Saturday, February 1, 2014

A Christian Home

Oakland Church
My daughter tells me she wasn’t raised in a Christian home – and she’s right.

Did her parents consider themselves Christian? Absolutely.  Did we attend church? Some of the time. Were scriptures read? Yes. Studied? No. Was application made to daily lives? No. I could go on, but the best explanation was written in How To Raise A Pagan Kid In A Christian Home. That article struck home. What is a Christian?

A church is a mixture of people of different growth, differing patterns of fruit. Different understandings of how to answer the question, “What is a Christian.” The Bible tells us the word’s origin:

Then departed Barnabas to Tarsus, for to seek Saul: And when he had found him, he brought him unto Antioch. And it came to pass, that a whole year they assembled themselves with the church, and taught much people. And the disciples were called Christians first in Antioch. (Acts 11:25-26 KJV)

What Barnabas and Paul did, taught people, earned them the name “Christians.” Although it’s only used two other times in the Bible, the word must have spread for King Agrippa to have known when to use it:

Then Agrippa said unto Paul, Almost thou persuadest me to be a Christian. (Acts 26:28 KJV)

Mostly, though, the New Testament writers used the word “brother” when speaking of like-minded believers in Jesus, as Christ and their savior. John pretty much describes what I expect Christians to be:

And hereby we do know that we know him, if we keep his commandments. He that saith, I know him, and keepeth not his commandments, is a liar, and the truth is not in him. But whoso keepeth his word, in him verily is the love of God perfected: hereby know we that we are in him. (1 John 2:3-5 KJV)
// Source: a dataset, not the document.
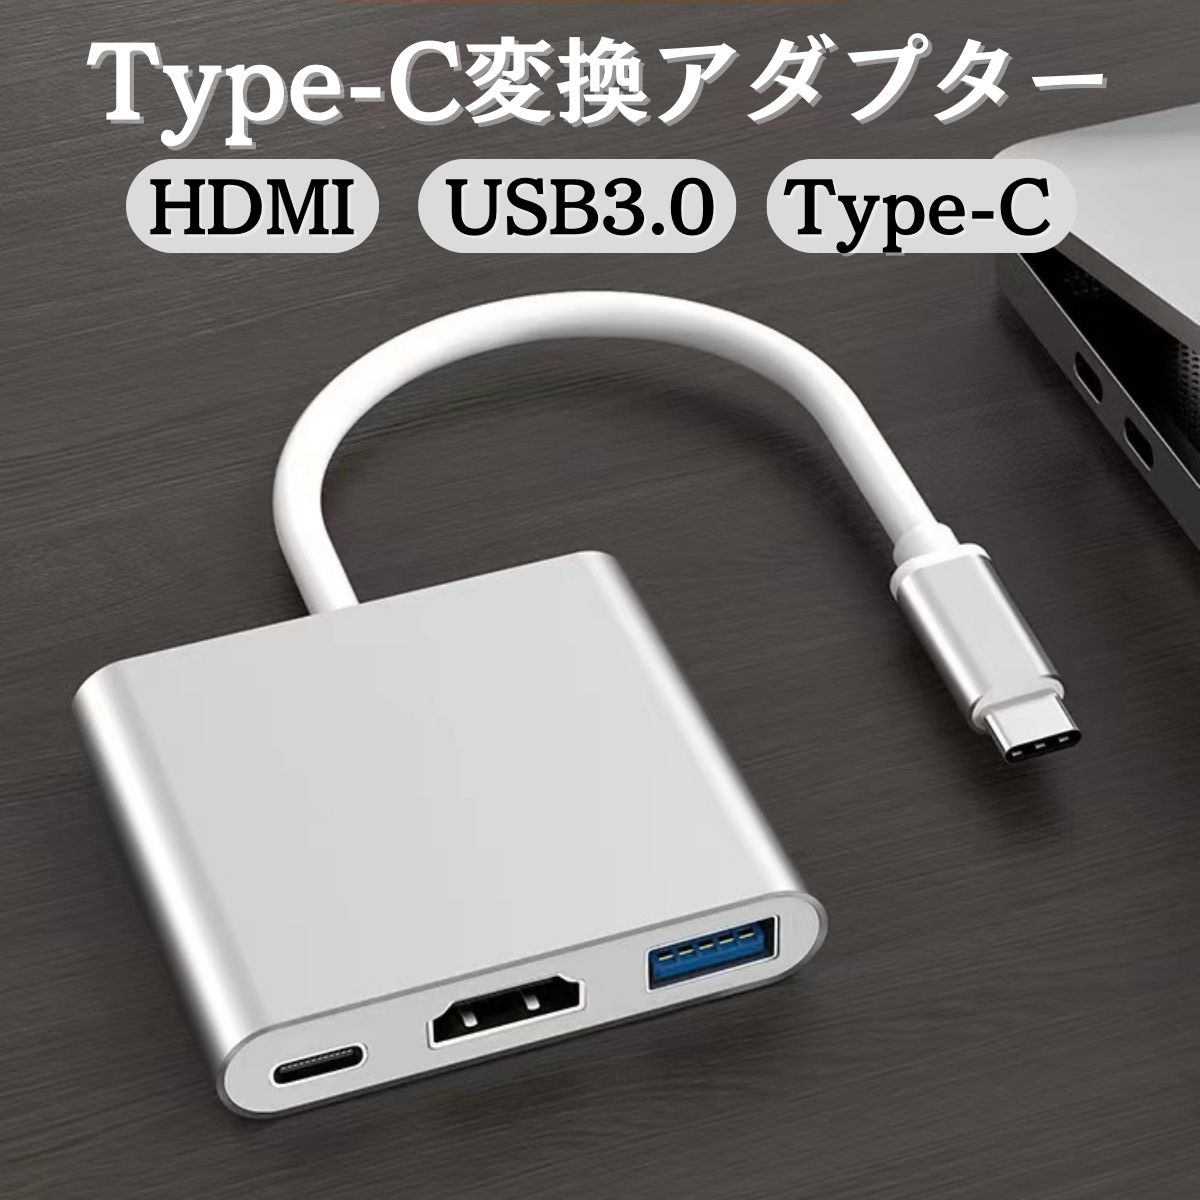 USB Type-C HDMI Ѵץ USB3.0 PD100W c USB-C hdmi֥ Ѵ ץ ץ thunderbolt 3 4 ܥ ϥ Apple MacBook Mac Book Pro iMac Galaxy S22 S21 4K ɥ android

Jesus’ examples of how to live are many, but His commandments are few. He specifically defined the two foundational commandments for all the law:

Jesus said unto him, Thou shalt love the Lord thy God with all thy heart, and with all thy soul, and with all thy mind. This is the first and great commandment. And the second is like unto it, Thou shalt love thy neighbour as thyself. On these two commandments hang all the law and the prophets. (Matthew 22:37-40 KJV)

Later, He gave one more, a step closer than loving one’s neighbor:

A new commandment I give unto you, That ye love one another; as I have loved you, that ye also love one another. (John 13:34 KJV)

There are many lists in the Bible that define what is sin, what separates us from God. Paul gave us such a list:

Now the works of the flesh are manifest, which are these; Adultery, fornication, uncleanness, lasciviousness, Idolatry, witchcraft, hatred, variance, emulations, wrath, strife, seditions, heresies, Envyings, murders, drunkenness, revellings, and such like: of the which I tell you before, as I have also told you in time past, that they which do such things shall not inherit the kingdom of God. (Galatians 5:19-21 KJV)

It’s easier to see those things in other people, but acknowledging them in our own lives is more difficult. We also tend to apply different weight to sins – murder much worse than wrath – based on our own sinful nature. We much more easily see another’s hatred, strife or heresy and more likely not love them because of it. We need to tend to our own sinfulness, then we can love the unlovable, as God does.

Though we were not then where we are now, we were trying, with little fruit and a lot of room for growth. Now we know to look for Christ in God’s word, in scripture, with a heart prepared to admit sins and sharing His love. Not simply advocating living a moral life, but being Christian.